TASK DESCRIPTION: Under this line is some data; print exactly the lines from the one containing "Happy 76th birthday Danny Glover!" through its last line, without pictures.

(Entries taken from a collection)
○ ○ ○ ○

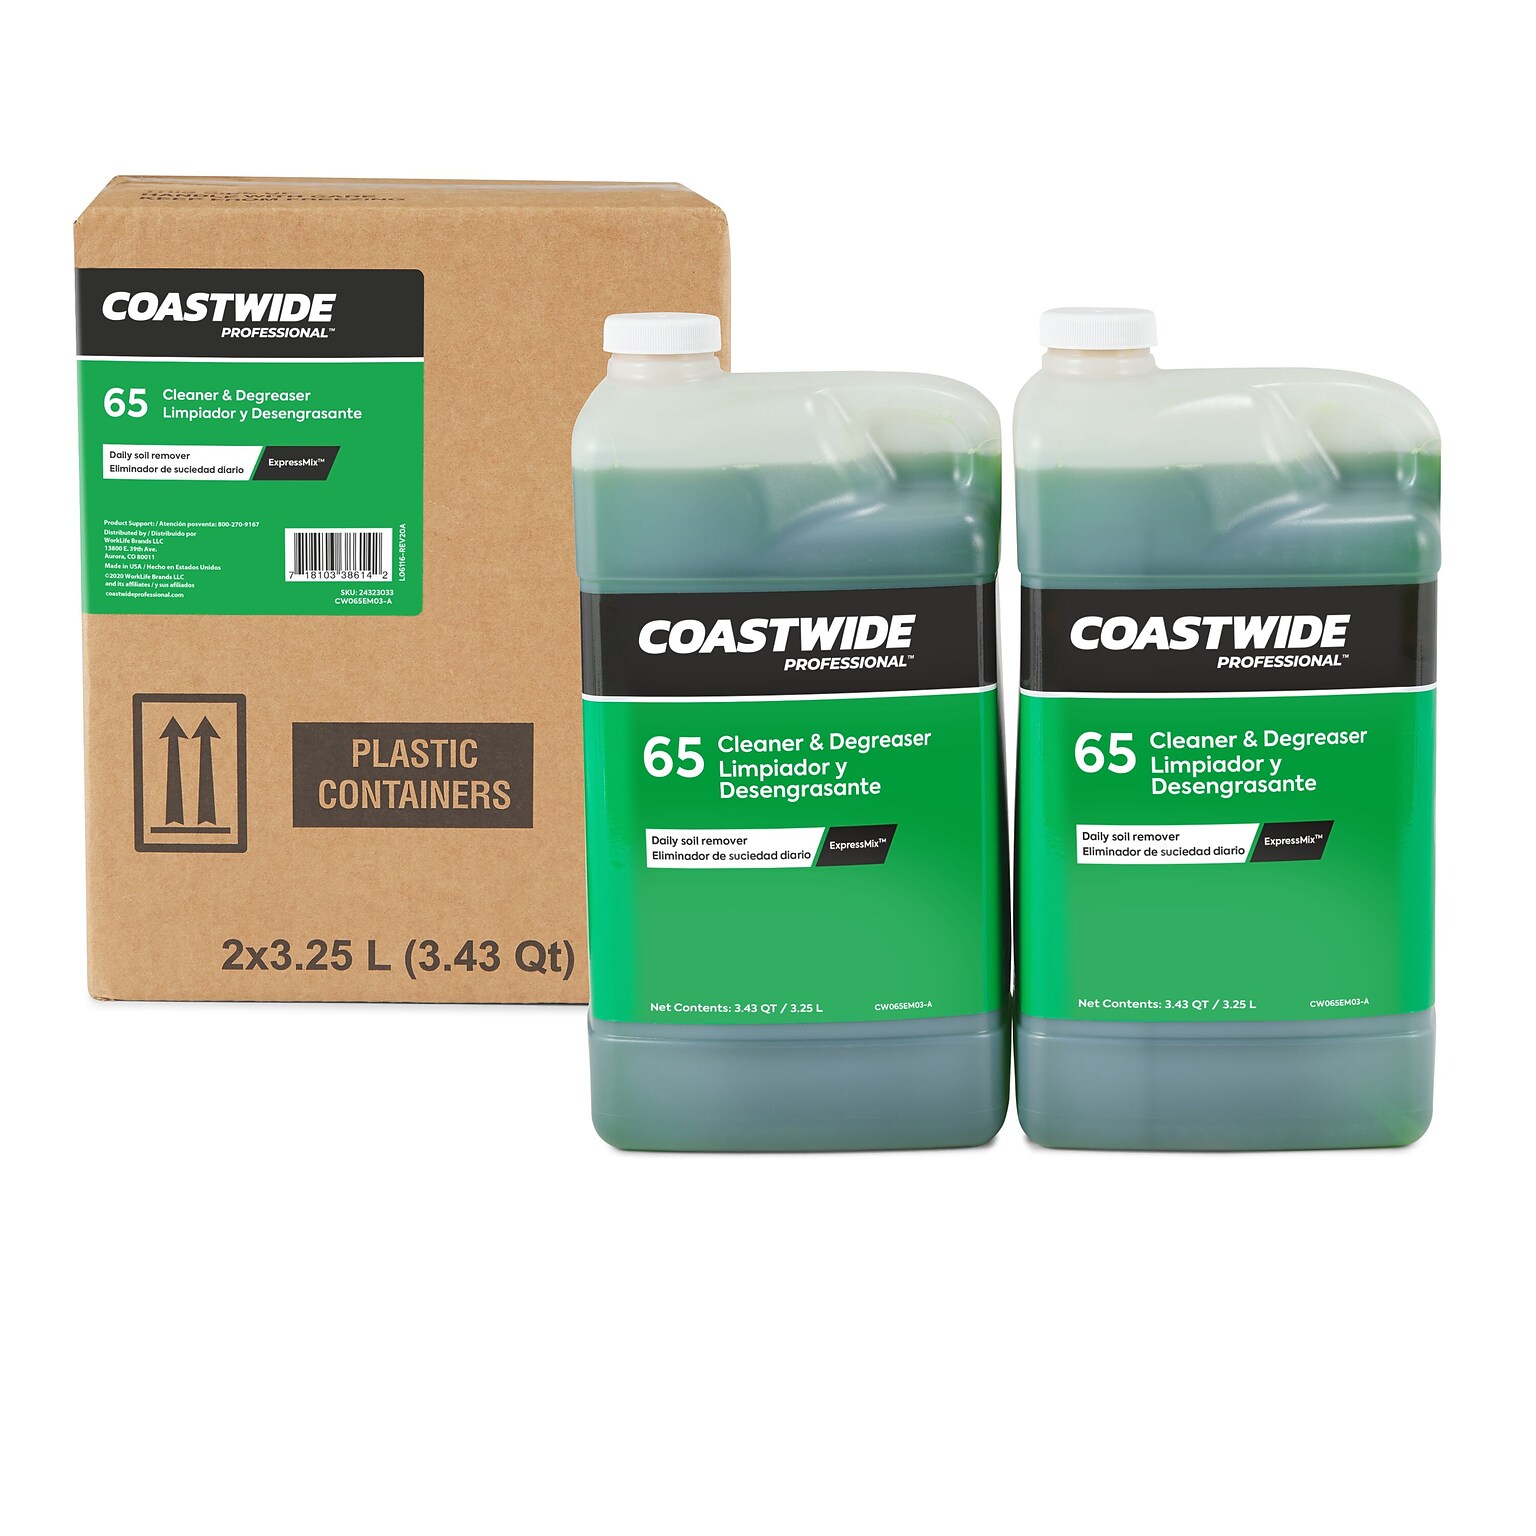 Coastwide Professional Cleaner and Degreaser 65 Heavy-Duty Concentrate for ExpressMix, 3.25L, 2/Carton (CW6503EM-A)
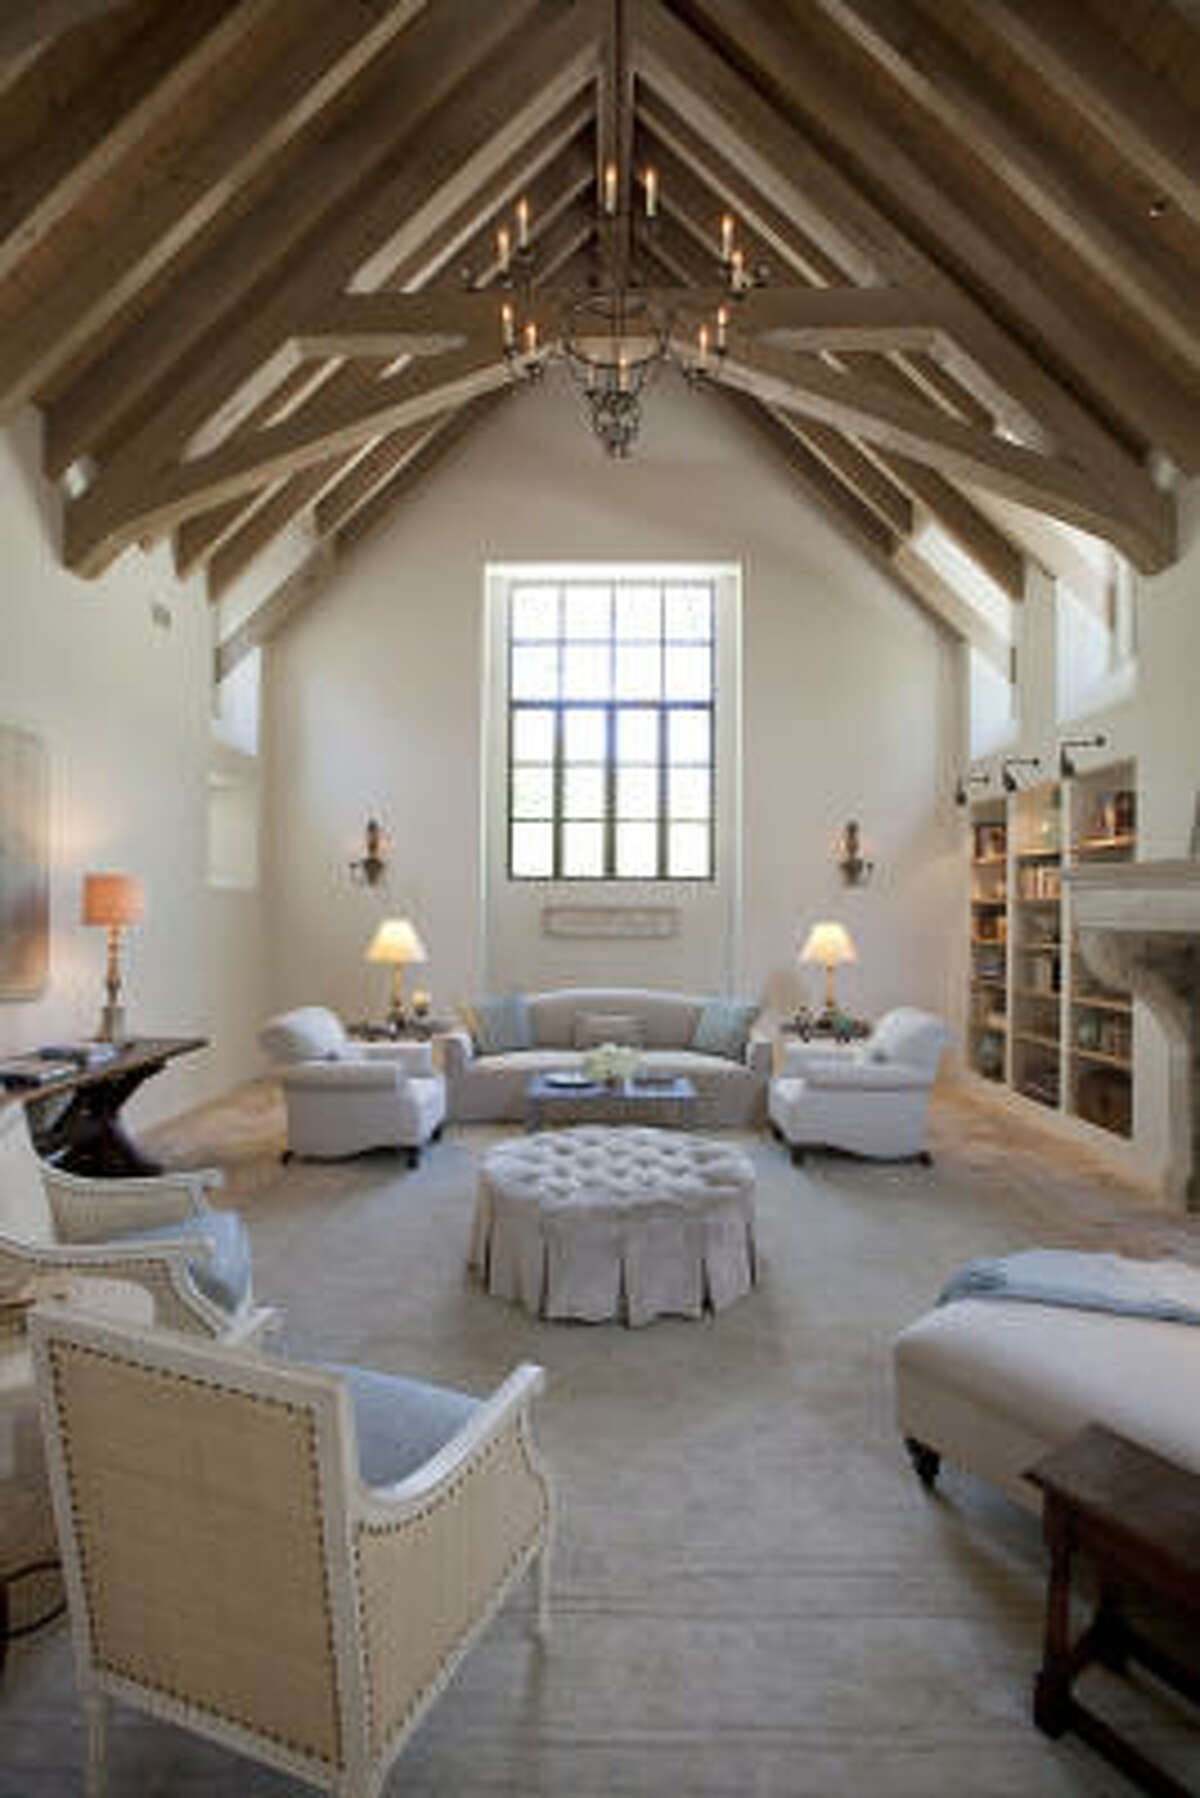 In the living room, a chandelier from Formations hangs from the dramatic ceiling; nearly all of the exposed beams and joists came from on-site pine trees. Vandrick James Furniture (to the trade only) crafted the upholstered pieces. The fireplace from Chateau Domingue is covered in glass to protect indoor air quality.
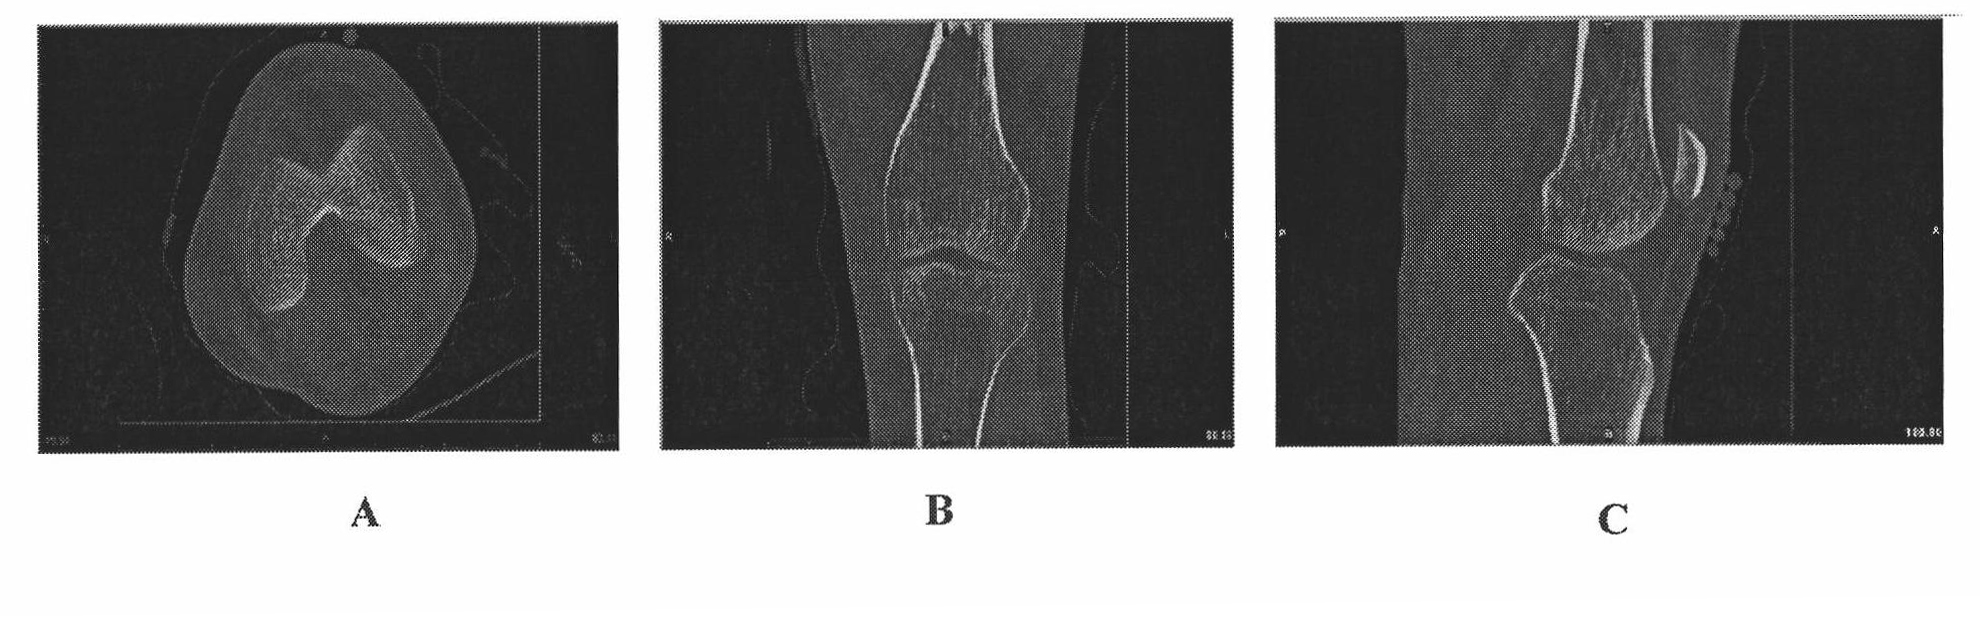 Method for positioning human body knee joint flexible motion axis in lateral femoral condyle long-axis section
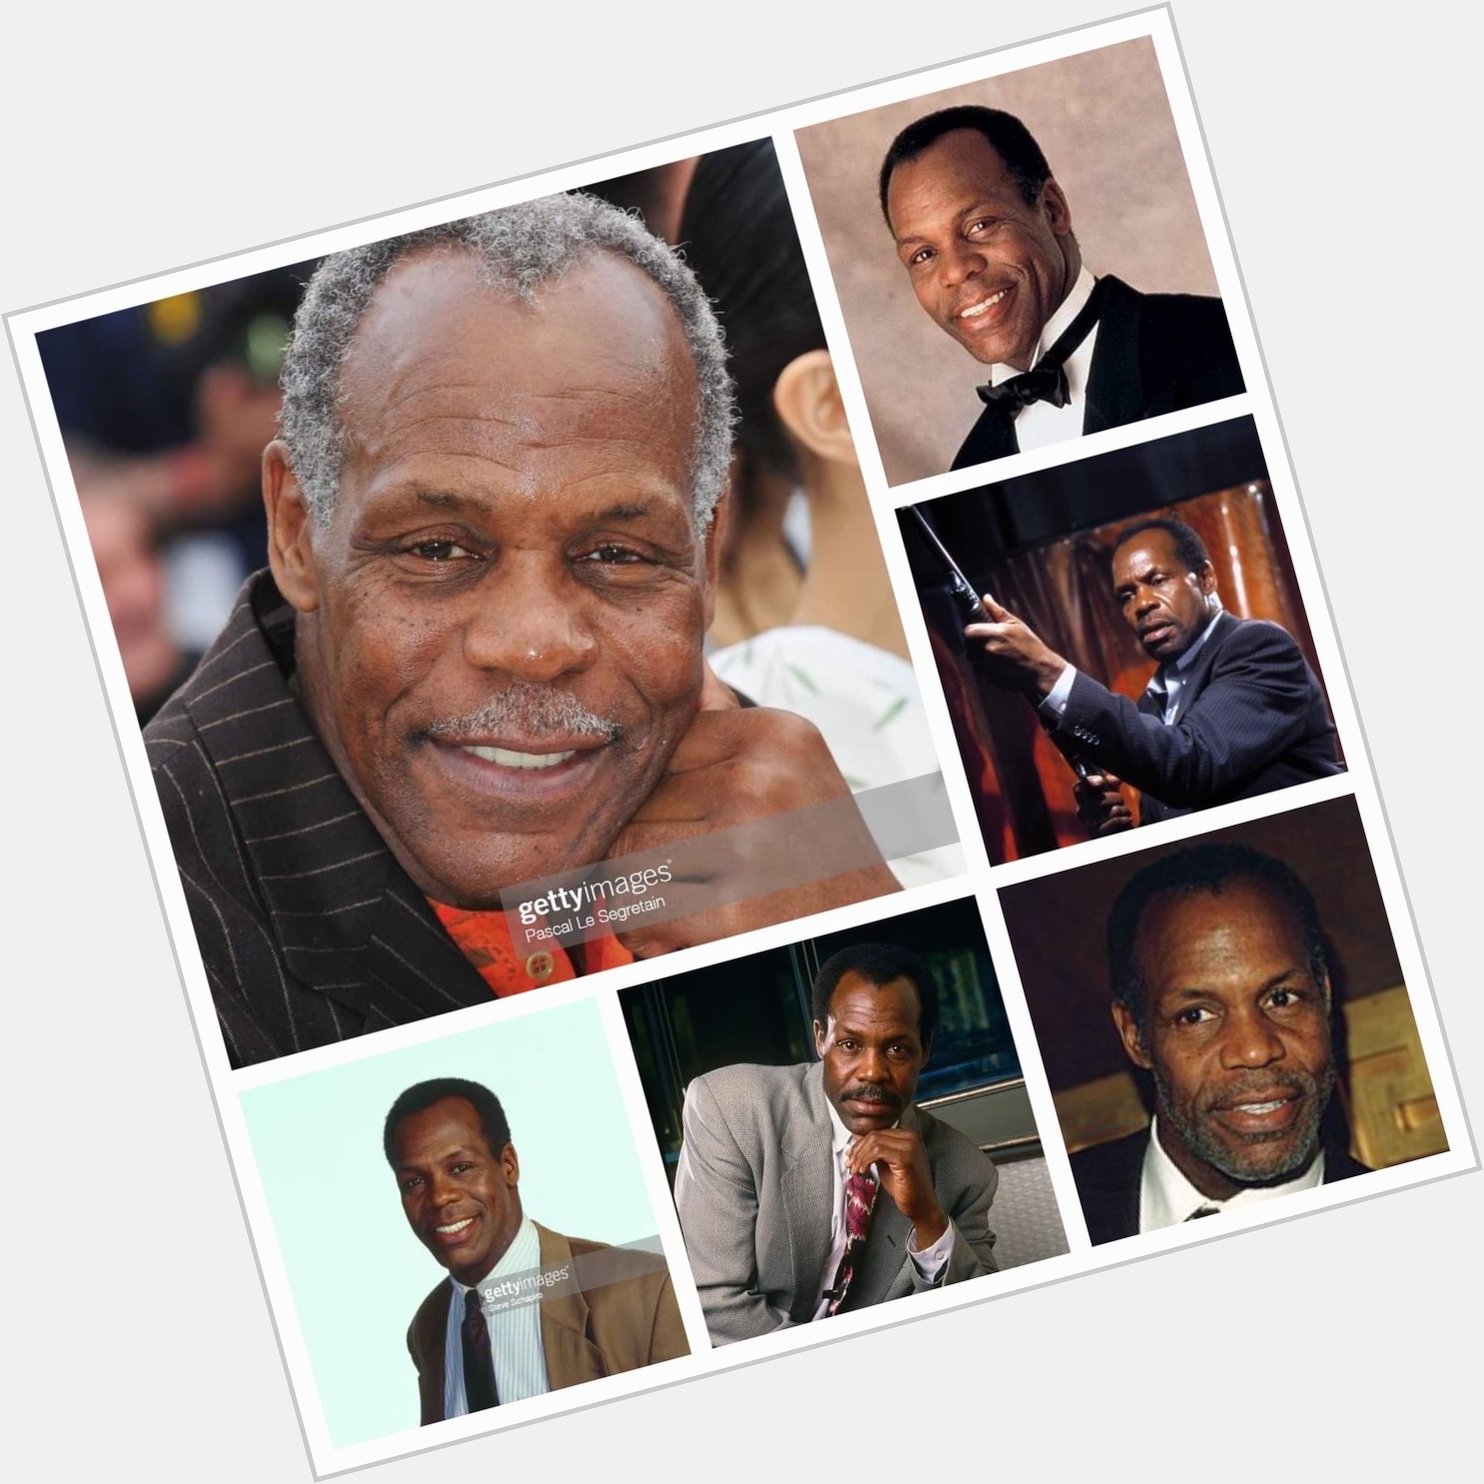 Happy 76th birthday Danny Glover!
The American icon and legend.

○ ○ ○ ○

ANSWER SECTION:
 Happy 76th birthday Danny Glover!
The American icon and legend.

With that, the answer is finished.